___ Records for the task ___
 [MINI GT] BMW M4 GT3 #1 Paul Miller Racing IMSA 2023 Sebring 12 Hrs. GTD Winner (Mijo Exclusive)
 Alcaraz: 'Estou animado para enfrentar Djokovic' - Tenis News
___
___ Records for the task ___
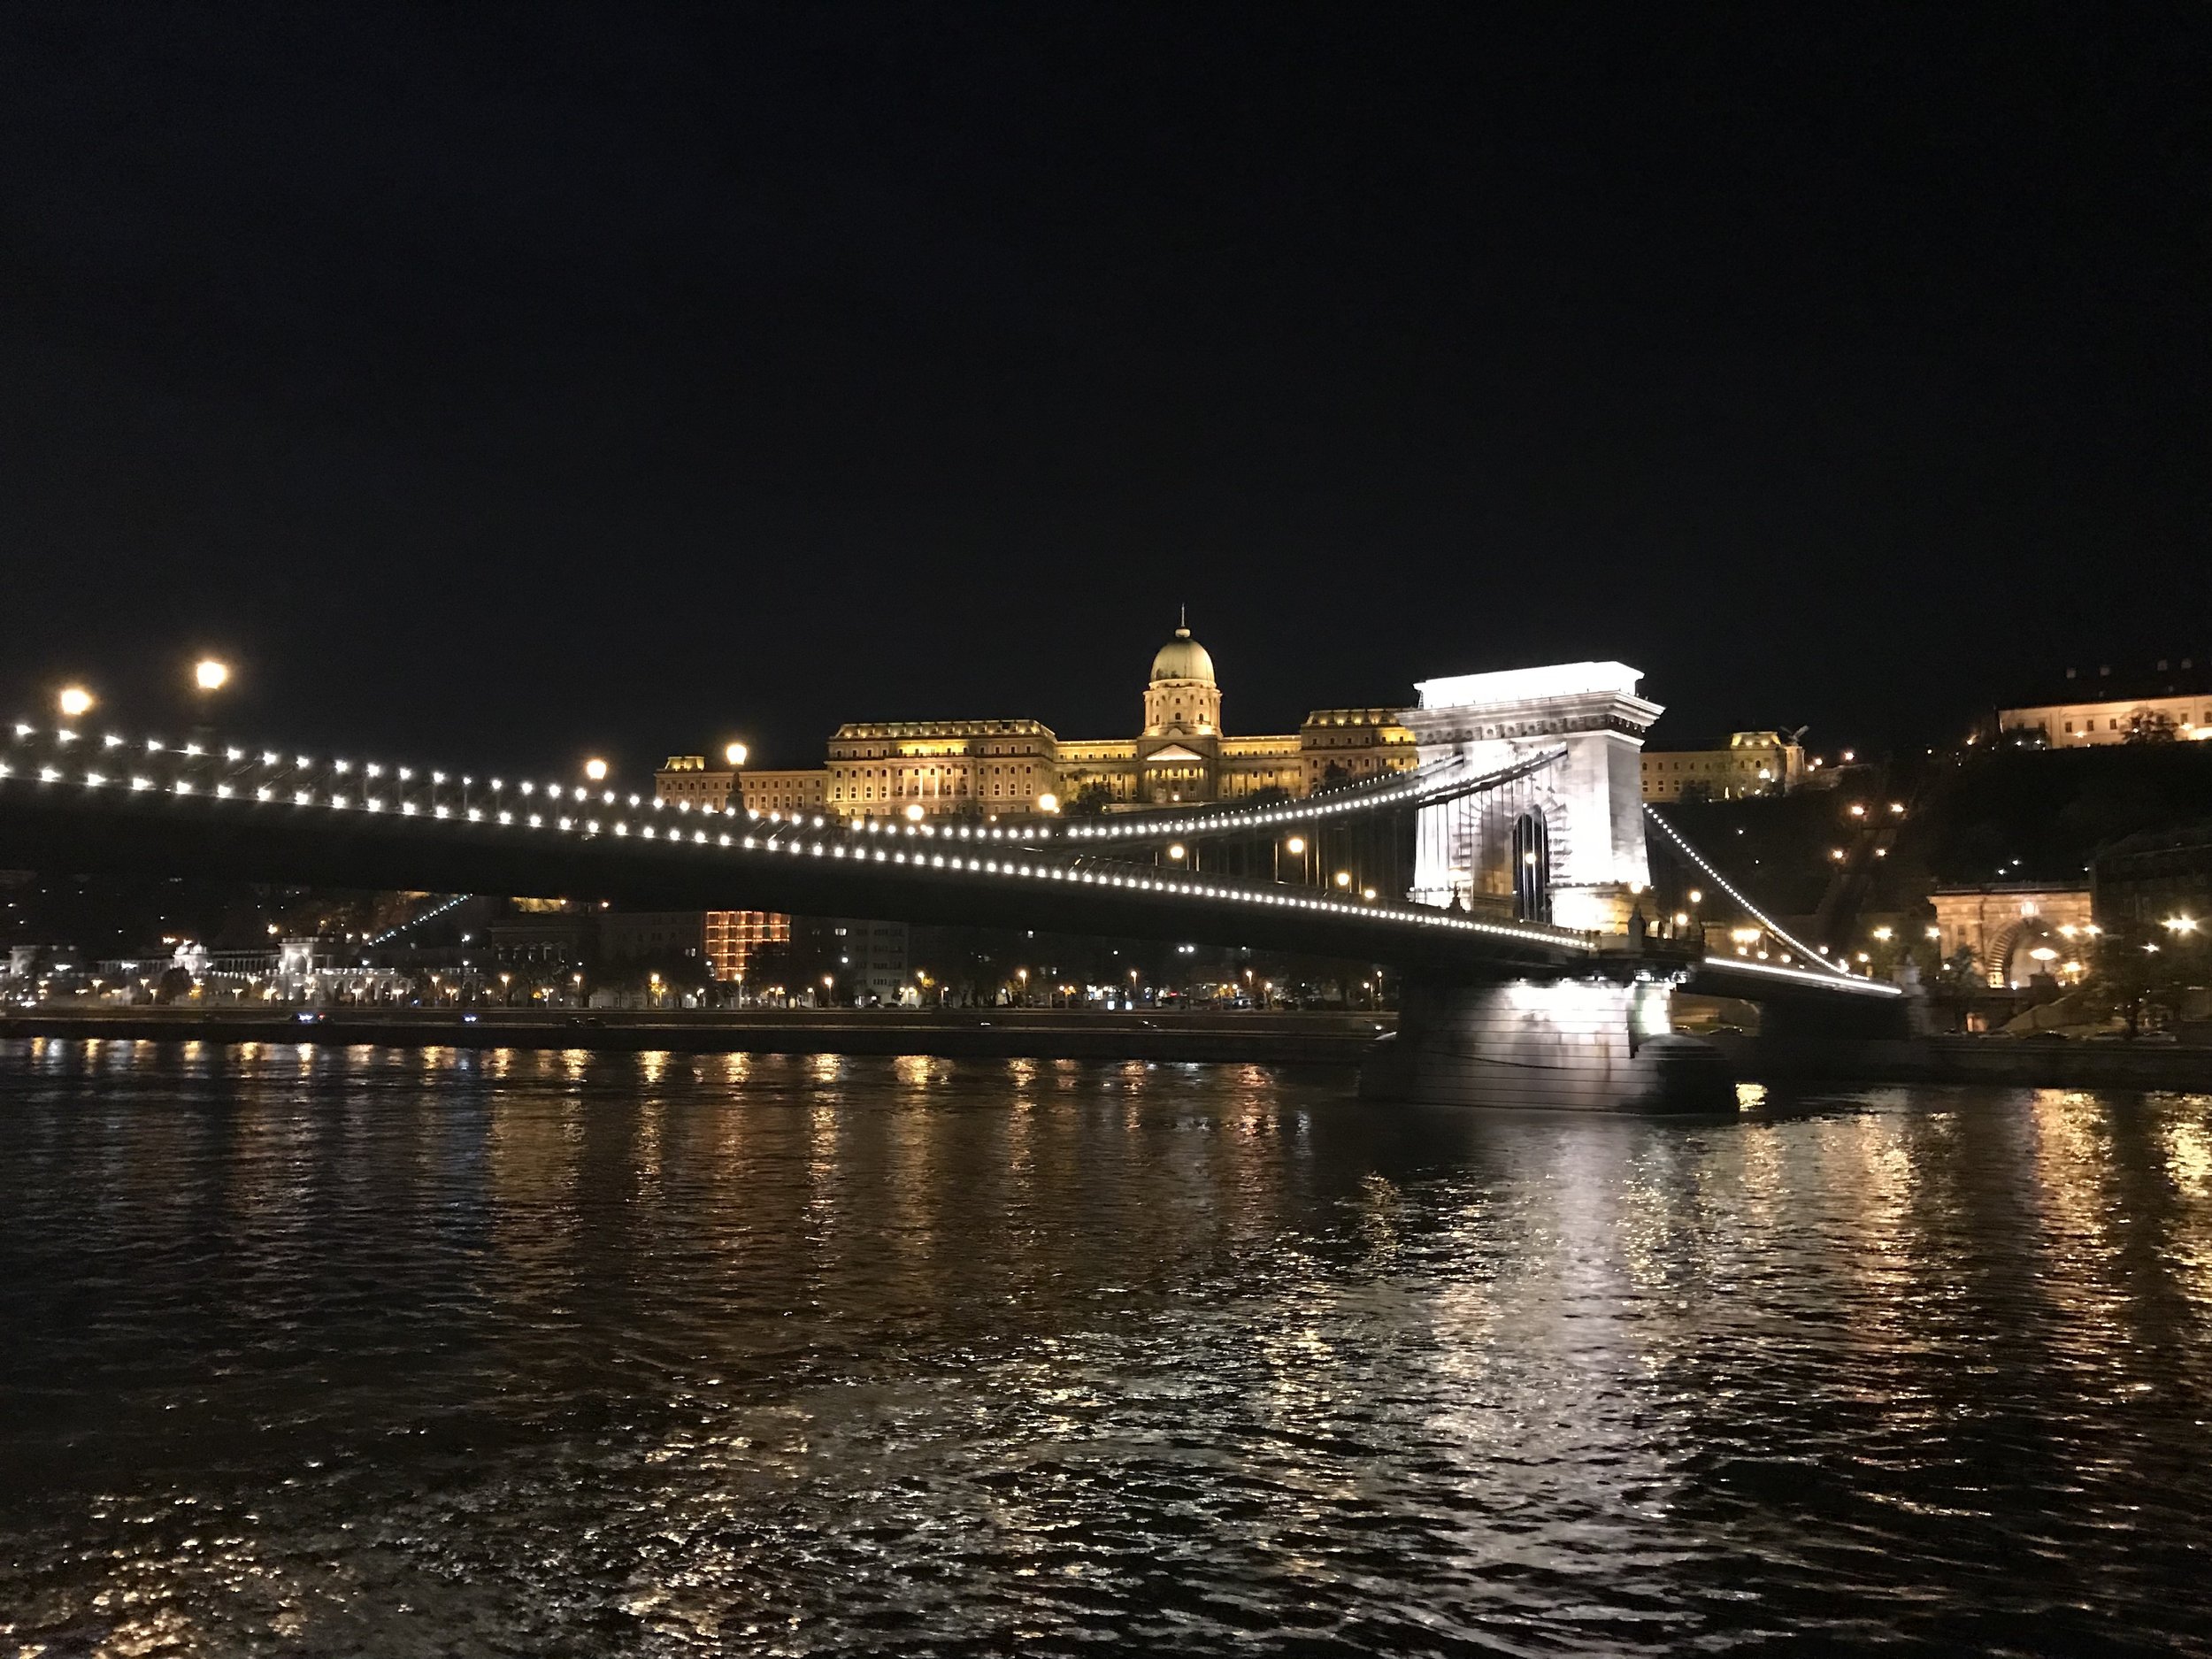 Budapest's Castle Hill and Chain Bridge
___
Your goal
Print exactly the lines of the listing above starting at the line containing "[MINI GT] BMW" and ending at the line containing "Alcaraz: 'Estou animado", both included.

Final answer
 [MINI GT] BMW M4 GT3 #1 Paul Miller Racing IMSA 2023 Sebring 12 Hrs. GTD Winner (Mijo Exclusive)
 Alcaraz: 'Estou animado para enfrentar Djokovic' - Tenis News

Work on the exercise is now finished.